It was an evening when emotion took precedence. When true Americana music was in the spotlight. When pride and purpose combined. A fond look back and a promising glance forward.
The evening in question was the recent concert — an extravaganza of sorts, really — held in celebration of WDVX’s 20-year anniversary. One of the foremost voices for authentic Americana and grassroots music in the known universe, Knoxville, Tenn.-area radio station WDVX has established an enviable niche in the realms of roots music and other indigenous forms of folk, rock, blues and country. Lauded by listeners and artists alike, many of whom received their initial exposure on the station’s airwaves, WDVX is recognized worldwide as a true bastion of Americana and traditional music in all its many forms.
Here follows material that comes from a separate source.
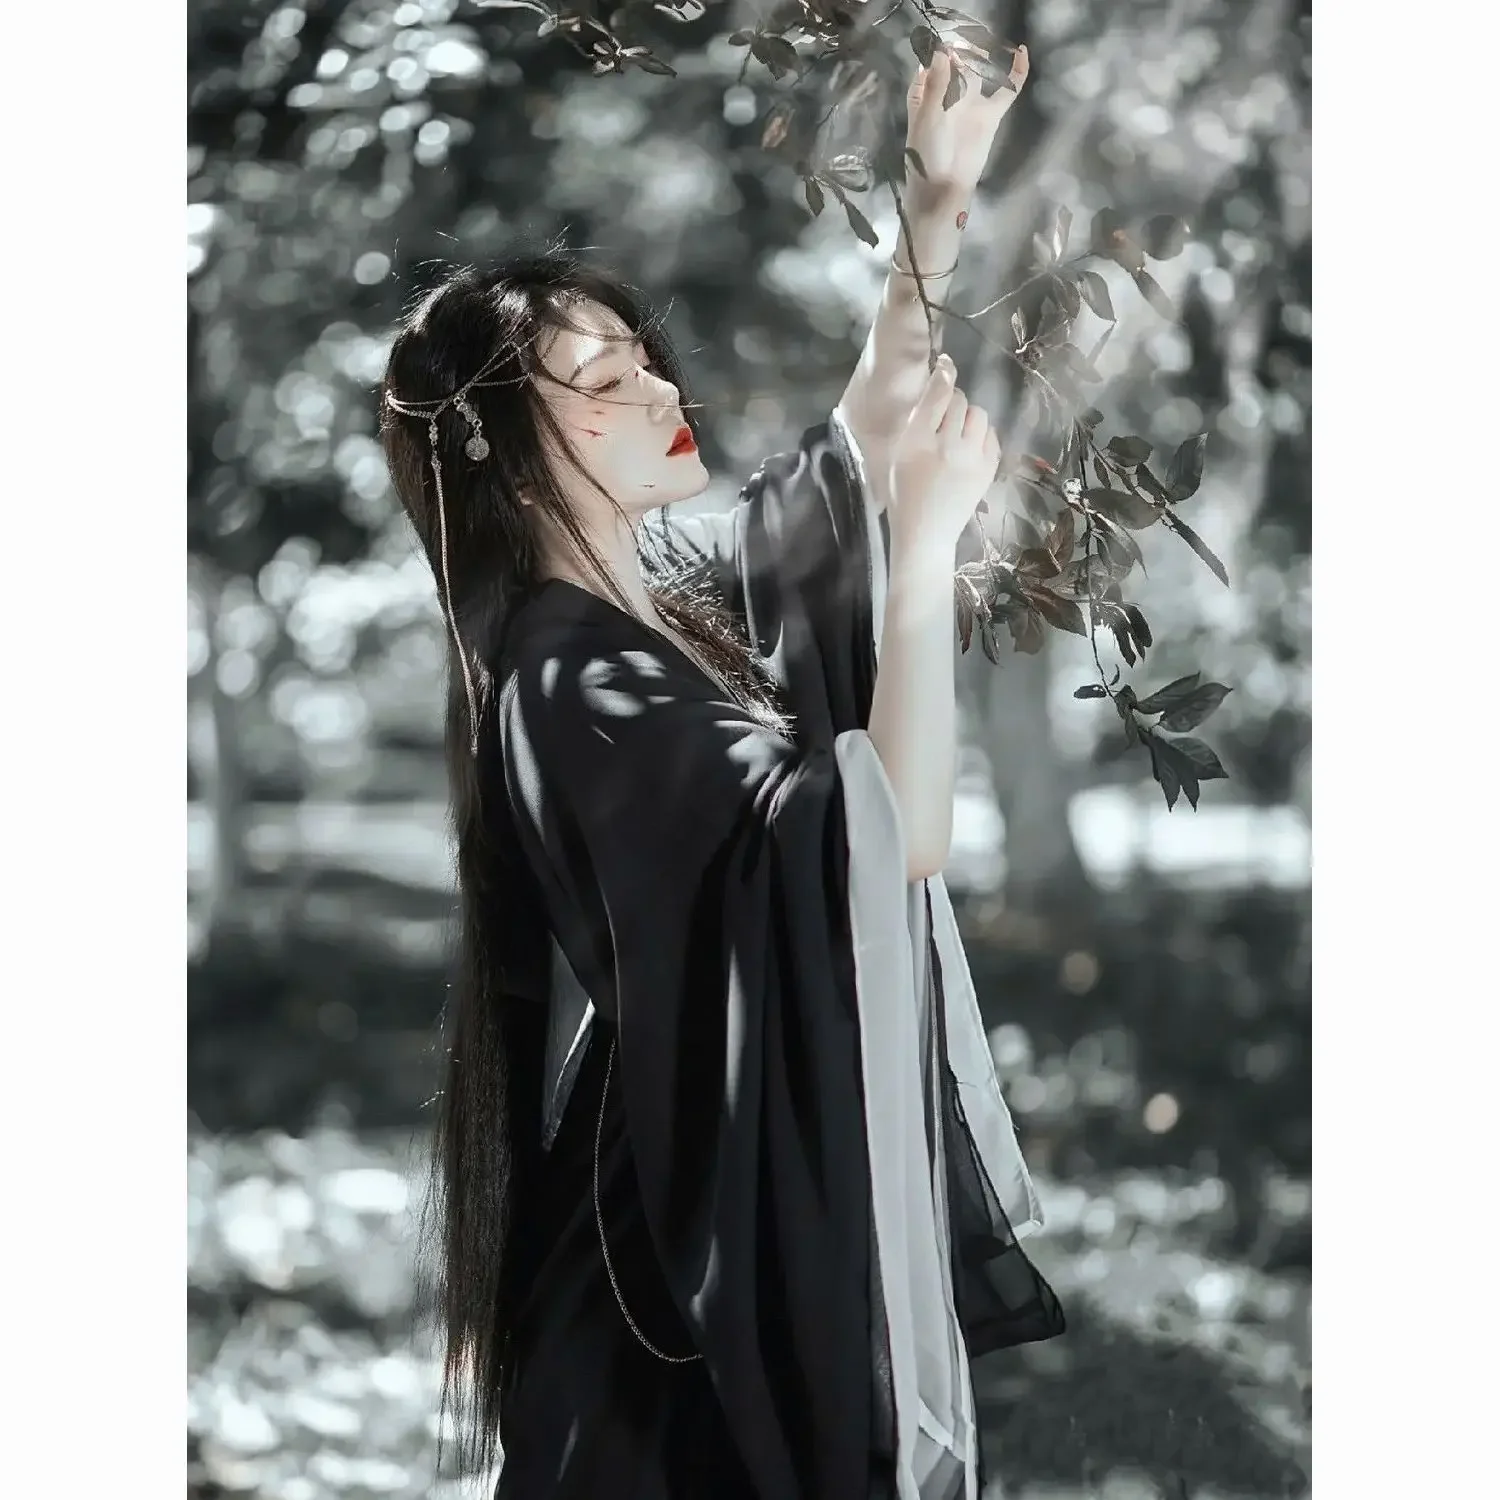 Женское платье Hanfu, Древнекитайский Традиционный комплект Hanfu, женский костюм для косплея, Летняя черная куртка Hanfu с белым платьем, комплекты

As befits that outstanding reputation, a host of leading musicians — many of whom have East Tennessee roots — gathered for the occasion. Headliners included Darrell Scott, Sam Lewis, David Mayfield, the Black Lillies, RB Morris, Robinella, Missy Raines, Claire Lynch, Alex Leach, Jill Andrews, and an all-star bluegrass ensemble led by Phil Leadbetter and featuring many of the leading lights of the bluegrass world — Claire Lynch, Steve Gulley, Kenny & Amanda Smith, Missy Raines, Paul Brewster, Adam Haynes, Alan Bibey, Alex Leach, and Jason Burleson among them.
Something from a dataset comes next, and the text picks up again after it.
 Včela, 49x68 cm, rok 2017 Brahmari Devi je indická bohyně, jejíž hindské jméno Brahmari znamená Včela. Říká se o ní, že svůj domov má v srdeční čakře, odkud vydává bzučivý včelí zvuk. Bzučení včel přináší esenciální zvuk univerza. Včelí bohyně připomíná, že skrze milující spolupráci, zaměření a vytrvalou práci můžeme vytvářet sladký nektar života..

As befitting the proceedings, each portion of the live variety show was introduced by a WDVX on-air personality. Tony Lawson, the station’s co-founder, senior creative consultant, and on-air personality and Kate Cauthen, program director, served as masters of ceremonies. Among the many highlights of the program, which was broadcast live and sponsored by Boyd’s Jig & Reel and Sweet Audrey’s Jazz Club (due to open in 2018), was a special tribute to the Everly Brothers, who traced much of their childhood and professional origins to East Tennessee.
Indeed, the concert was marked by a mix of music and memories, and some sly humor as well. David Mayfield, on leave from his band the David Mayfield Parade, made a pointed reference to the august environs of the historic Bijou Theatre by looking up at one of the boxes overlooking the stage and asking, “How are you enjoying the evening so far, Mr. Lincoln” in an ironic reference to Honest Abe’s fateful evening at Ford’s Theater. He then played a stunning solo on acoustic guitar that ended with him feigning a collapse from over-exhilaration.
Darrell Scott, on the other hand, was flush with sobriety. He opened the show with his trademark tune “You’ll Never Leave Harlan Alive” and later spun his annual holiday staple, “The Day Before Thanksgiving.” Although all the performers received due reverence, and many of them took turns occupying a couch onstage while others performed upfront, it was clear that Scott was the musician held in highest regard.
That said, this homecoming of sorts also found Sam Lewis, RB Morris, Robinella, Todd Steed, Jay Clark, and the Black Lillies taking turns in the spotlight. Morris, the official poet laureate of East Tennessee, stoically showed why he rightfully deserves to be included in the upper tier of American singer/songwriters. Clark, known for his poignant portrayals of East Tennessee’s natural wonders was, as always, superb. Lewis, showcasing a handful of songs from his much anticipated upcoming album, might have rocked more than usual, but he remained as entertaining and animated as always.
Likewise, The Black Lillies demonstrated why they’re not only Knoxville’s favorite sons, but a band whose inner core and Americana values qualify them as direct descendants of The Band in terms of both style and songcraft. Their collaborations with singers Robinella and Jill Andrews were striking as well, giving each of those remarkable singers — a distinction that also belonged to featured vocalists Zoe Nutt and Steve Horton — the sumptuous setting each deserved.
In that same way, Ledbetter’s all-star ensemble offered a rare opportunity to witness some of the best players in bluegrass — bar none — on one stage together. Several of those onstage noted that Alex Leach, a longtime WDVX on-air personality and performer, had literally grown up on the station’s airwaves as host of his own bluegrass show. Kudos too, to another staffer, bassist Daniel Kimbro, as well as to the always-on-call multi-instrumentalist Greg Horne, who backed several of the artists throughout the evening. They were especially propulsive behind Todd Steed, a man whose moment in the spotlight found him capturing the essence of Bruce Springsteen in Americana garb.
Mostly though, this was an evening of celebration, a salute to one of Knoxville’s true treasures and a reason to be proud to share in its accomplishments. When the entire ensemble gathered onstage at the conclusion to sing “Farther Along” and “Long May You Run,” the lessons weren’t lost.